● **Data for analysis**

= Beginning of Section =

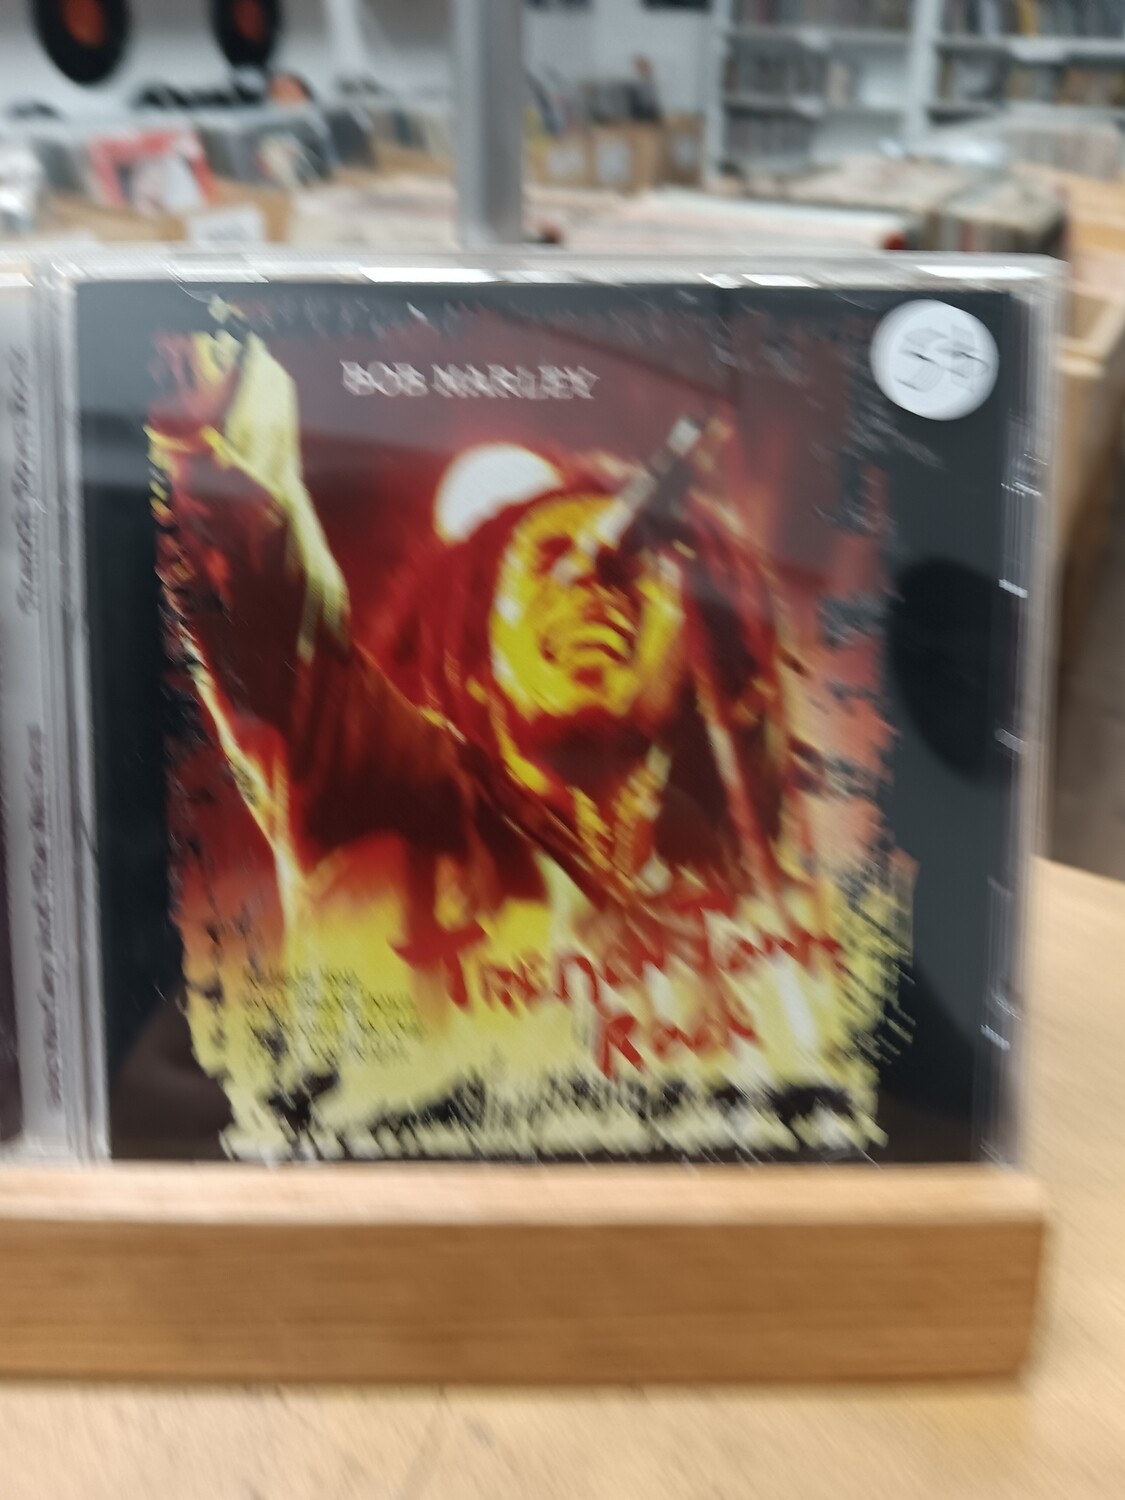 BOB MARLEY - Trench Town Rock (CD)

= End of Section =
= Beginning of Section =

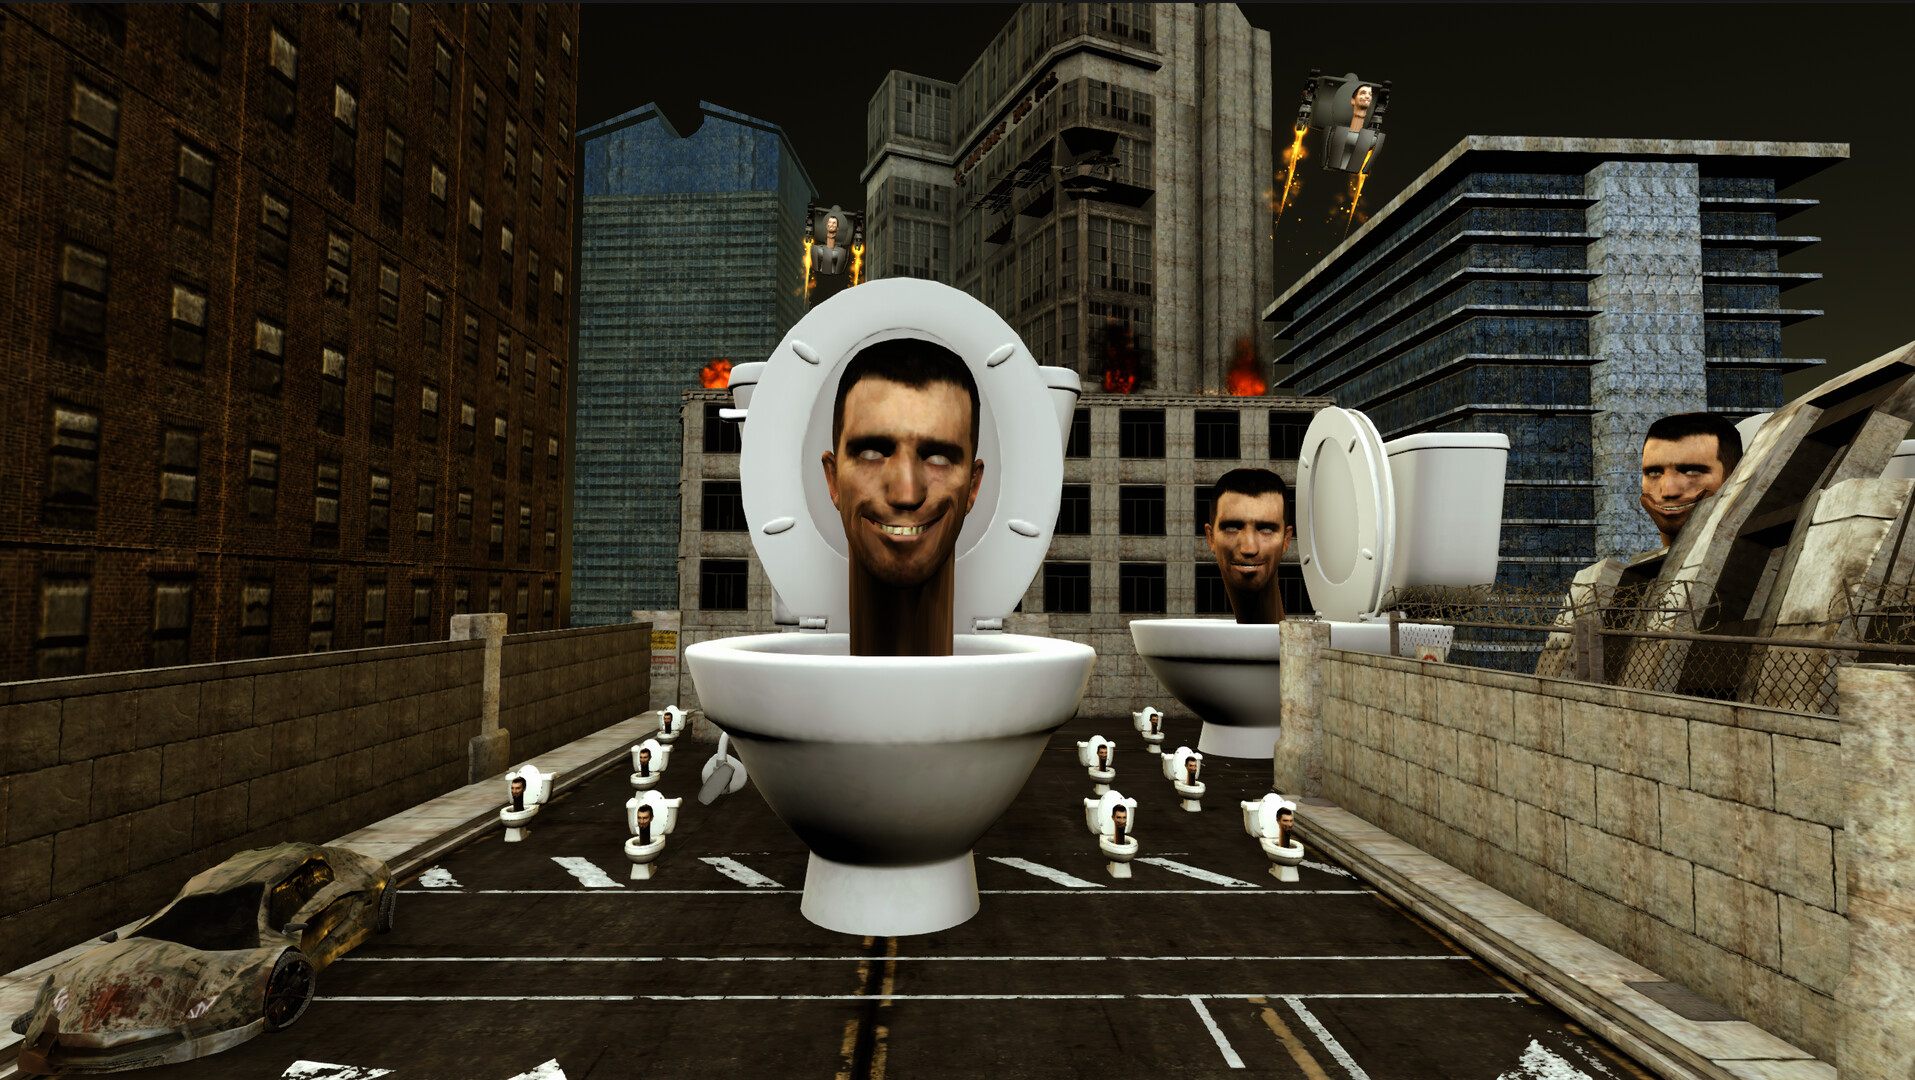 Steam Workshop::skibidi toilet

= End of Section =
= Beginning of Section =

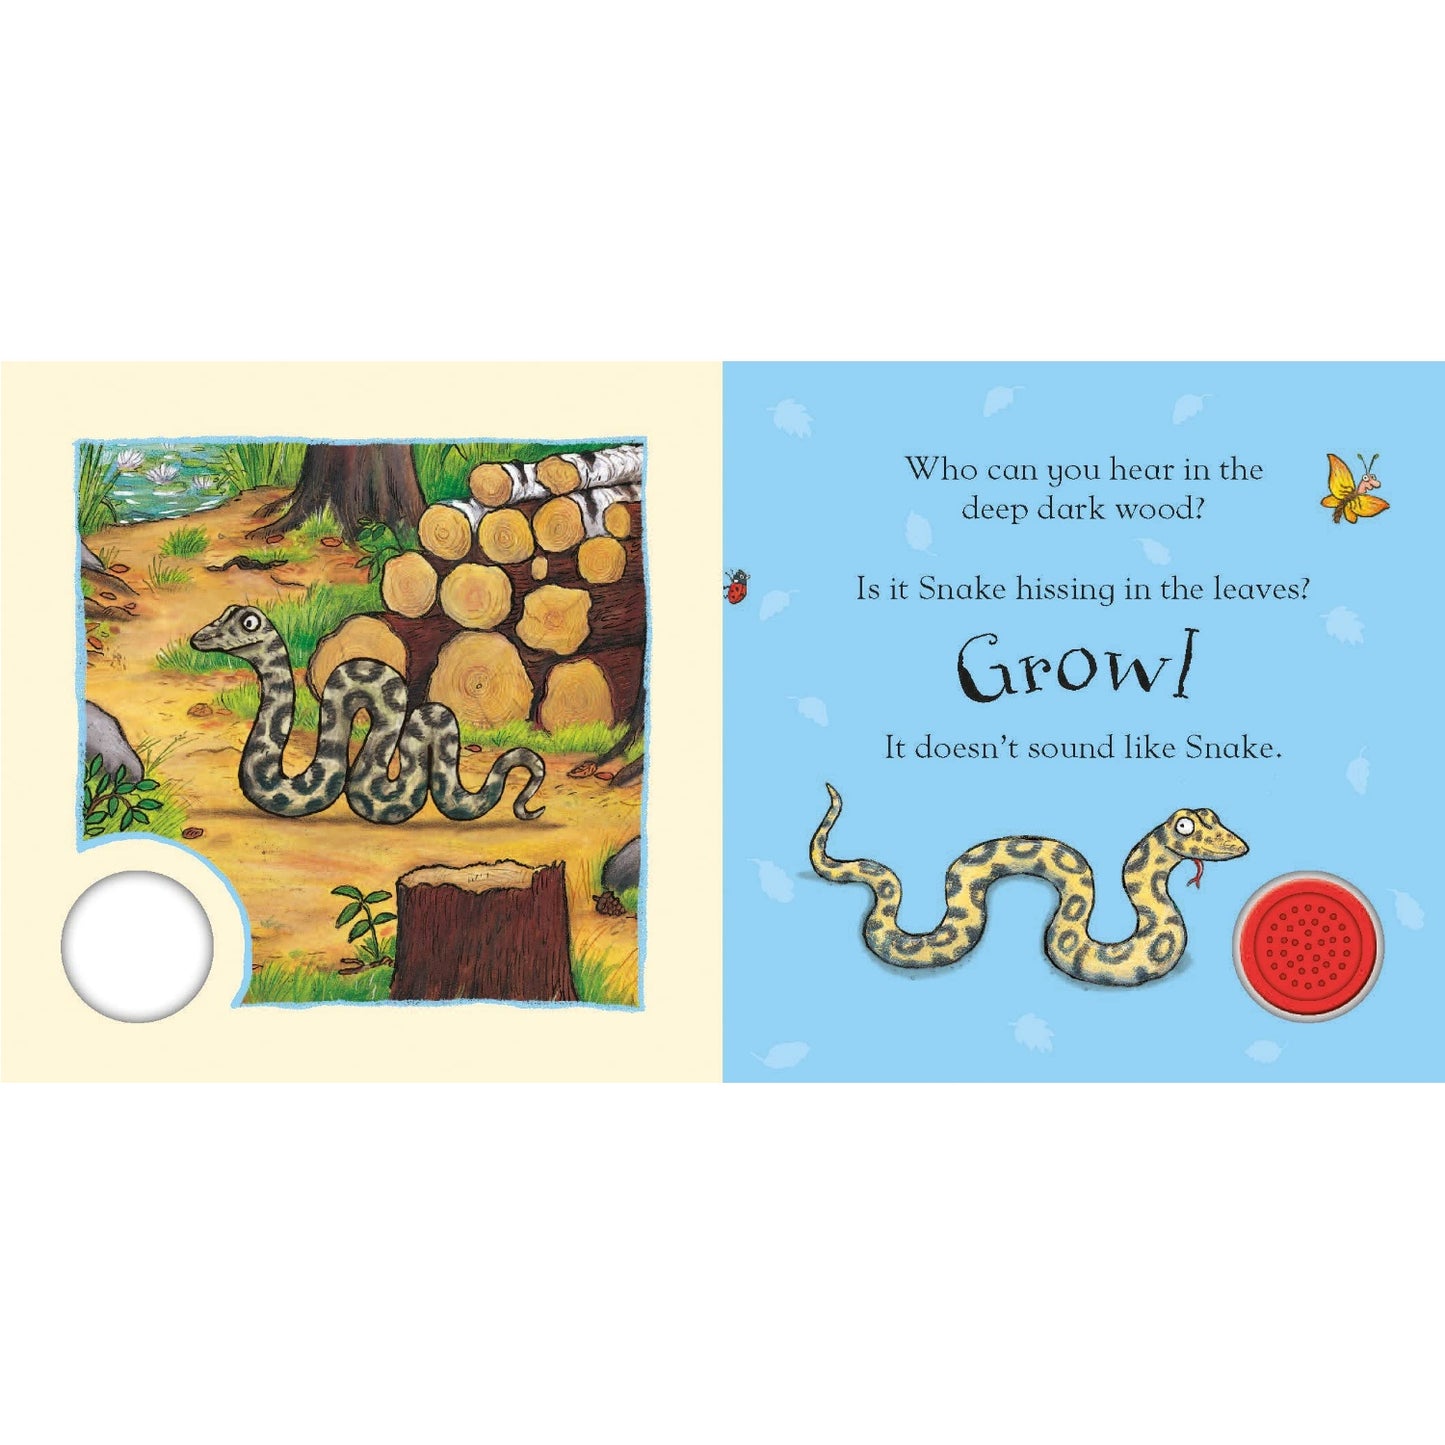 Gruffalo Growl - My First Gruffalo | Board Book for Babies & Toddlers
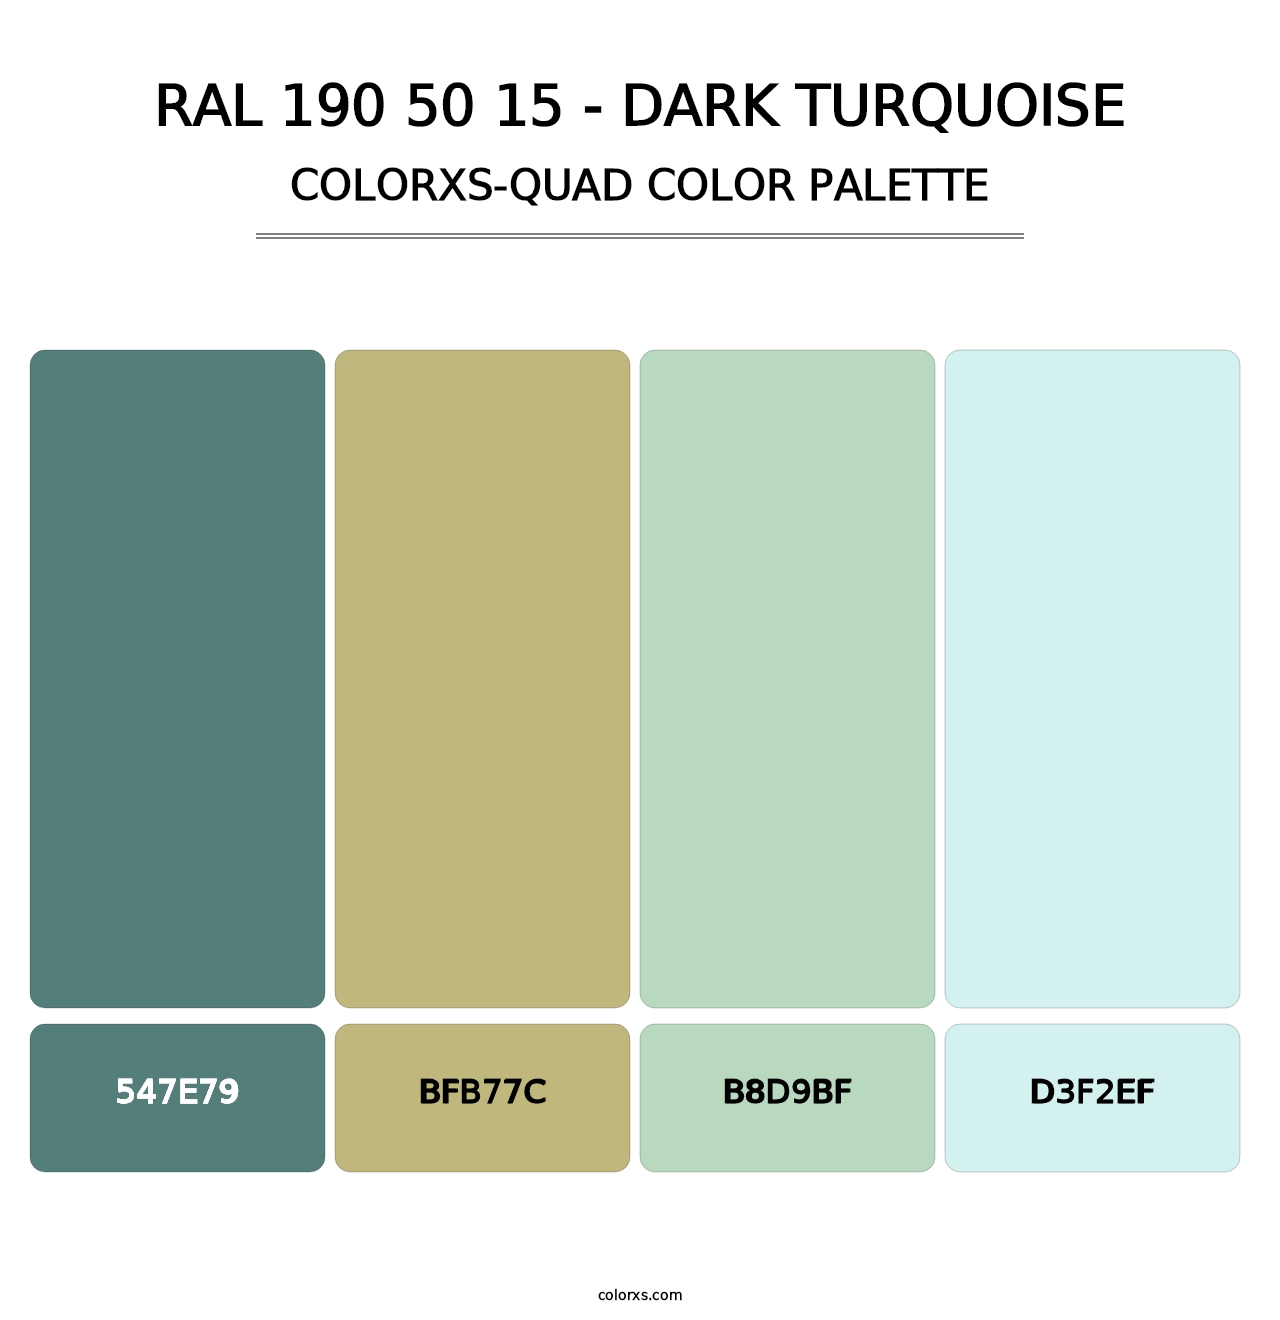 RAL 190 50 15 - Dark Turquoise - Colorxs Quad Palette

= End of Section =

● **Aim of the task**
Only one stretch of the entries above is needed: the lines from the one containing "Gruffalo Growl - My" through the one containing "RAL 190 50 15". Copy it exactly, without the pictures.

● **Result**
 Gruffalo Growl - My First Gruffalo | Board Book for Babies & Toddlers
 RAL 190 50 15 - Dark Turquoise - Colorxs Quad Palette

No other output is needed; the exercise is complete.